Se había agitado visiblemente y mentía. Miré a la niña:

—¿Tú sabes tu dirección?

—Calle Anglí, 23, ático.

—¿Están tus padres en casa?

—No llegan hasta las diez, pero no se han marchado a ningún viaje.

—Bien, entonces mañana iré un momento a hablar con ellos y les contaré lo que ha pasado. ¿De acuerdo?

—Oiga, señora, la niña ya le ha dado el bolso, no puede hacer mucho más. Si les dice algo a sus padres, se asustarán y...

—No soy una señora, soy policía. Quizá en algún momento esta niña tenga que hacer una identificación. En cualquier caso sus padres deben estar al tanto de lo que ha ocurrido.

—Pero es que...

—¿Cuál es el problema? ¿Ellos no saben que estabais aquí?

Hubo silencio total por ambas partes. Pregunté a Marina:

—¿Dónde creen tus padres que estáis?

La niña no lo dudó ni un instante. Comprendí que sólo hablaba cuando se le preguntaba y que entonces decía siempre la verdad, desnuda y contundente.

—En el teatro Regina, viendo una obra infantil —respondió.

—¡Joder! —exclamó la canguro por segunda vez en la tarde.

—Bueno, pues habrá que decirles que paseabais por el centro comercial.

—Lo hacemos todos los sábados que ellos tienen trabajo. Alquilamos películas de vídeo —aclaró Marina.

—¡Es que el teatro infantil es un palo, compréndalo! Aquí la niña se entretiene mejor. Y total, ¿qué más da?

Sin hacer ningún comentario, fui a pagar los refrescos que habíamos bebido. A mi vuelta, Marina habló al fin por iniciativa propia.

—¿Eres policía? —preguntó.

—Exacto.

—¿Matas a gente?

—La policía no está para matar gente.

—En las películas que nosotras vemos, sí.

—¡Joder! —soltó Loli, demostrando su nula imaginación.

—Si esas películas te enseñan que la policía mata gente, no deberías verlas.

—También he aprendido a decir
fuck
.

—Oiga, inspectora, hemos visto alguna de Tarantino en versión original, pero también alquilo películas de dibujos animados, no se vaya a creer.

Sonreí. Me agaché hasta que mi cara estuvo a la altura de la de Marina, que seguía seria e impertérrita.

—Yo no voy a matar a nadie, ¿sabes, Marina?

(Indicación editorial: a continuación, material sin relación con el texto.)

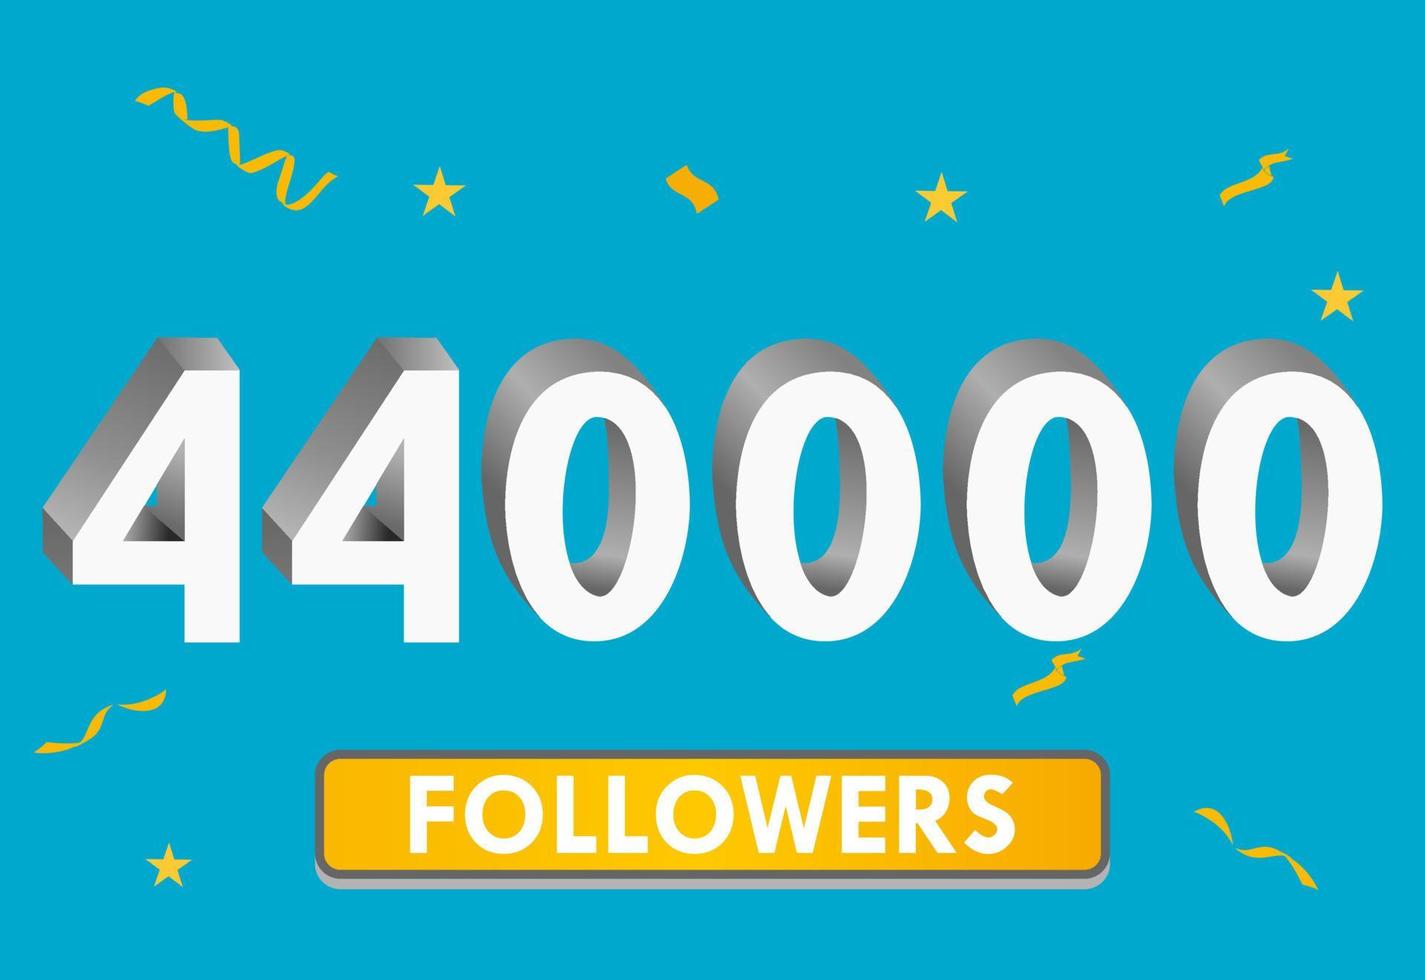 illustration numéros 3d pour les médias sociaux 440k aime merci, célébrant les fans des abonnés. bannière avec 440000 followers vecteur

—Como ya no tienes pistola...

—Ni aun cuando la tengo mato a nadie. La policía no sirve para matar.

—Ya lo sé.

—Estoy segura de que lo sabes; eres una chica muy inteligente y te agradezco que me hayas ayudado.

—¿Vendrás a mi casa?

—No lo sé. Si no voy yo, alguien irá. Tú no te preocupes.

Negó con la cabeza. Era linda y me había ayudado, aunque su ayuda no iba a impedir que otra niña aproximadamente de su edad se paseara en aquellos momentos por Barcelona armada con mi pistola. Deseé que ésta no hubiera visto muchas películas de Tarantino.

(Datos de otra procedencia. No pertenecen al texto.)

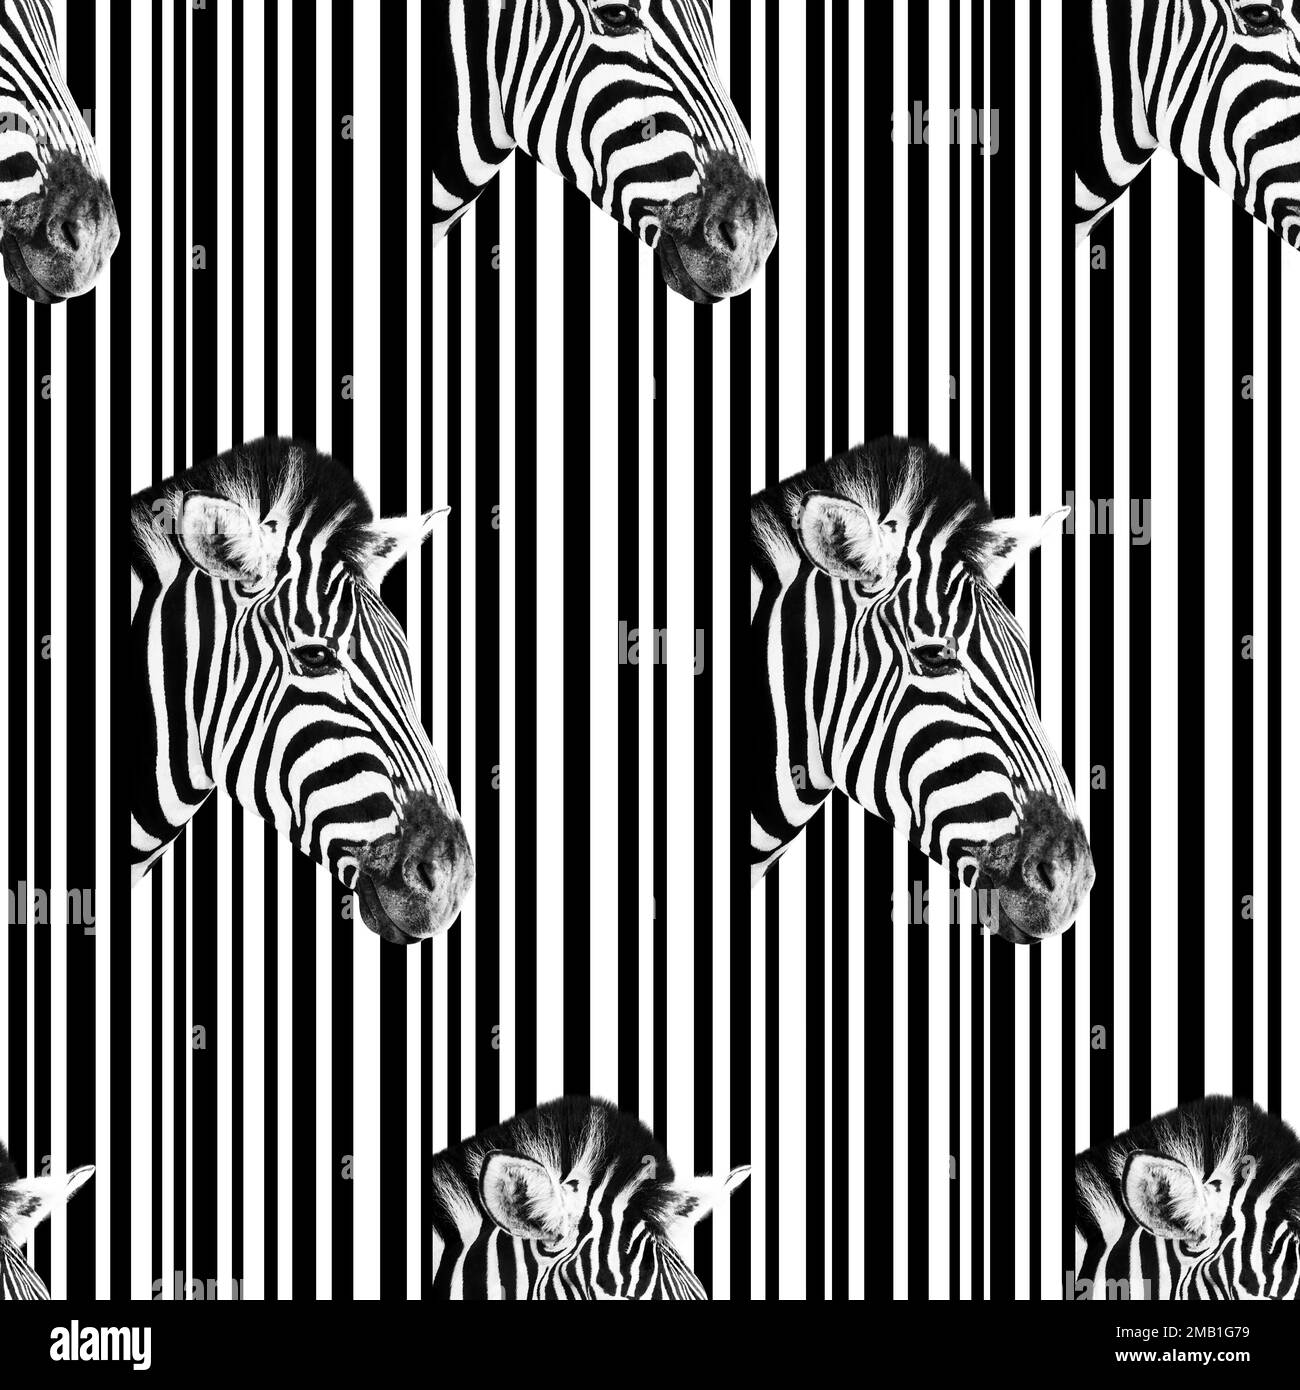 Detail eines Zebrakopfes auf einem abstrakten weiß-schwarz gestreiften Hintergrund. Nahtloses Muster. Stockfoto

Cuando llegué el lunes a comisaría me esperaba una escena insólita al abrir la puerta de mi despacho. Garzón, Yolanda y otra joven policía se reían a mandíbula batiente formando un considerable jaleo. Al verme introdujeron una breve pausa en su contento, pero éste parecía ser tan poderoso que reanudaron las carcajadas sin poder contenerse.

—¡Vaya!, ¿me he perdido algo? —dije, no sin cierta acritud.

Garzón, con los ojos lagrimeantes y la panza aún en pleno bamboleo, hizo de jocoso portavoz:

—Disculpe, Petra, pero es que las chicas estaban contándome una cosa que...

—Ya veo. ¿Y puedo preguntar por qué tanta hilaridad se desata justamente en mi despacho?

—Pura casualidad, inspectora. Vine a dejarle estos expedientes, las chicas me vieron, y... Pero ya me marcho, tengo mucho trabajo.

Salió como un rayo: me conocía. Las llamadas «chicas» no tanto, porque se quedaron mirándome y dándome ocasión para decir:

—Y ustedes, ¿qué? ¿Piensan quedarse aquí toda la mañana sin pegar ni golpe?

Huyeron con cara de susto murmurando perdones. Los ataques de risa son propios de la juventud —pensé—; de la juventud y de ciertas mentes sin complejos, volví a pensar representándome a Garzón. Y sin embargo, dentro de unas horas, no sabía calcular cuántas, pero no muchas, toda la comisaría reiría así. Naturalmente, el motivo de la rechifla sería yo: «A Petra Delicado le han robado la pistola. ¡No!, pero ¿quién? Una niña. ¡No puede ser!, ¿y cómo? Mientras hacía pipí.» ¡Fastuoso! Si no andábamos con cuidado, era un tema que incluso podría interesar a los periódicos: «A una inspectora de policía le roba su arma reglamentaria una niña de corta edad mientras usaba el lavabo de un centro comercial.» Con suerte, no se mencionaría mi nombre, porque en realidad daba igual, fuera quien fuese el policía, lo importante era subrayar hasta qué punto hace falta ser gilipollas para que te roben la pistola de ese modo. En fin, no iba a dejarme atrapar por el sentido del ridículo que atenaza a todo español. Al contrario, entraría en el despacho de Coronas y le contaría el caso como una experiencia extraña pero casual, como quien ha avistado un ovni en un descampado.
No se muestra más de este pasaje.